Des épisodes de sécheresse en nette hausse
De leur côté, les épisodes de sécheresse augmentent de 30 à 50% dans les scénarios moyen et haut. Selon l'un des scénarios, on va observer "un allongement des périodes de sécheresse météorologique estivales concernant principalement les régions méditerranéennes et la façade ouest à l'horizon 'fin de siècle' d'une intensité notable de 5 à 10 jours supplémentaires de manière générale". Météo France rappelle que dans le climat récent (1976-2005), "le nombre maximum de jours secs consécutifs en été est assez variable selon les régions, allant de 10 à 15 jours sur un grand tiers nord-est et les abords des Pyrénées jusqu'à 25 à 30 jours sur le pourtour méditerranéen".
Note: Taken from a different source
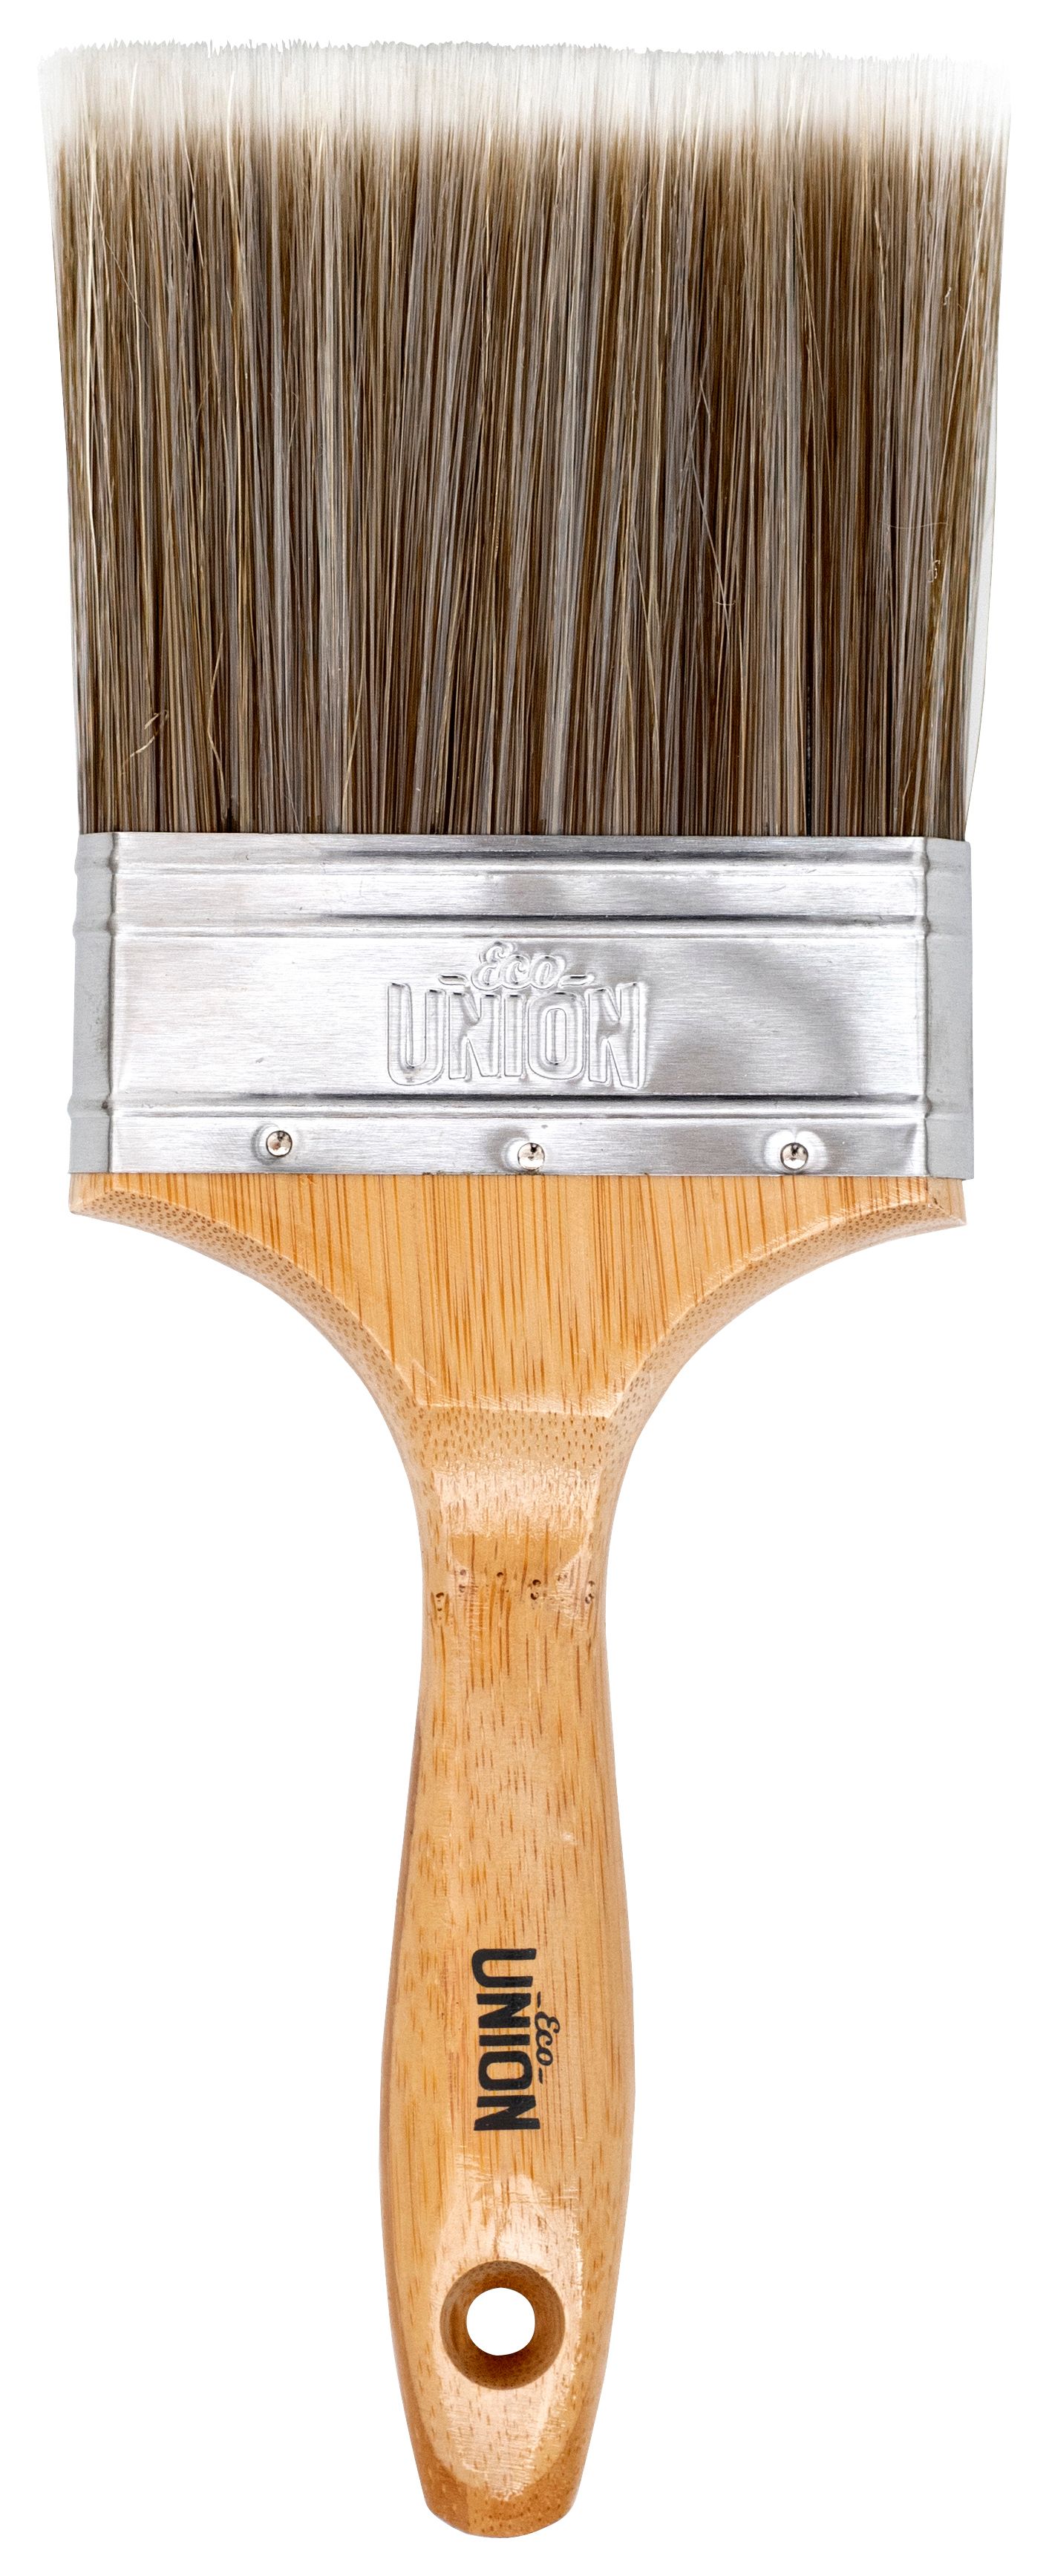 Image of Eco Union Pro Paint Brush - 4in

Dans les décennies à venir, le sud de la France pourrait donc connaître des périodes de sécheresse de plus d'un mois, avec un fort "impact sur l'agriculture, le risque de feux de forêt et la biodiversité en général". Et ce, même si l'évolution du régime de précipitations est plus difficile à prévoir. Il est attendu en légère hausse en hiver, mais en nette baisse en été (plus de 20% dans le pire scénario).
La neige, un souvenir ?
A contrario, la neige et le gel pourraient passer au rang de souvenirs (sans parler des sports d'hiver). Les projections régionalisées montrent en effet une hausse de la température annuelle moyenne jusqu'à 6 °C sur certaines zones des Alpes et des Pyrénées. "En fin de siècle, on constate que la diminution des jours de vagues de froid se retrouve dans les trois scénarios", écrivent les chercheurs. Dans le pire scénario, "la survenue d'un événement de type vague de froid devient proche en moyenne de 1 jour par an, voire moins".
Idem pour les journées de gel, qui pourront "devenir des évènements rares". Dans le pire scénario, "le nombre de jours de gelée diminue sensiblement (...). En fin de siècle, la diminution atteint en moyenne une vingtaine de journées dans le Sud-Ouest et de l'ordre de 40 jours dans l'Est et 60 jours en montagne".
Pour rappel, sur la période 1976-2005, "les gelées étaient fréquentes sur la plupart du territoire, excepté le littoral méditerranéen et océanique, de l'ordre de 20 à 40 jours en plaine, jusqu'à 60 jours dans le Grand-Est, voire 100 jours en montagne". Il ne resterait donc plus que 40 jours de gel en altitude en 2100, avec l'accélération de la fonte des glaciers, dont bon nombre devraient disparaître à cet horizon.